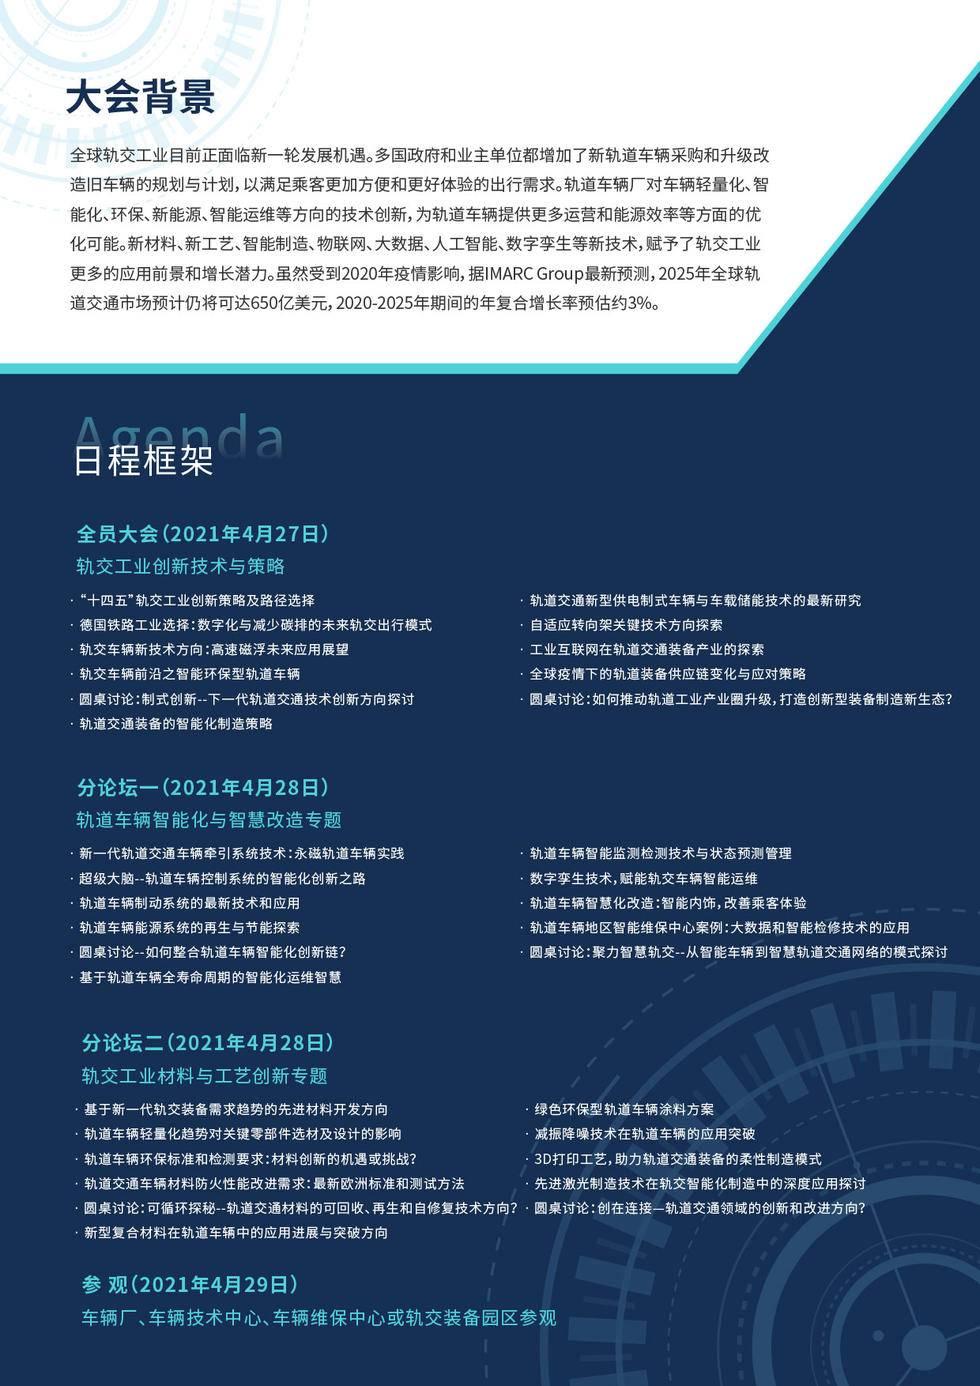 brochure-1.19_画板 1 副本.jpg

- - - - -

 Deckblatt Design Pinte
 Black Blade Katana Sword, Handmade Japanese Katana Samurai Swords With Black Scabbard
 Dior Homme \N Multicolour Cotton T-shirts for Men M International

- - - - -

(ACTION ITEM): Retype exactly the lines above, from the one with "Deckblatt Design Pinte" through the one with "Dior Homme \N", inclusive.

(TASK SOLUTION):
 Deckblatt Design Pinte
 Black Blade Katana Sword, Handmade Japanese Katana Samurai Swords With Black Scabbard
 Dior Homme \N Multicolour Cotton T-shirts for Men M International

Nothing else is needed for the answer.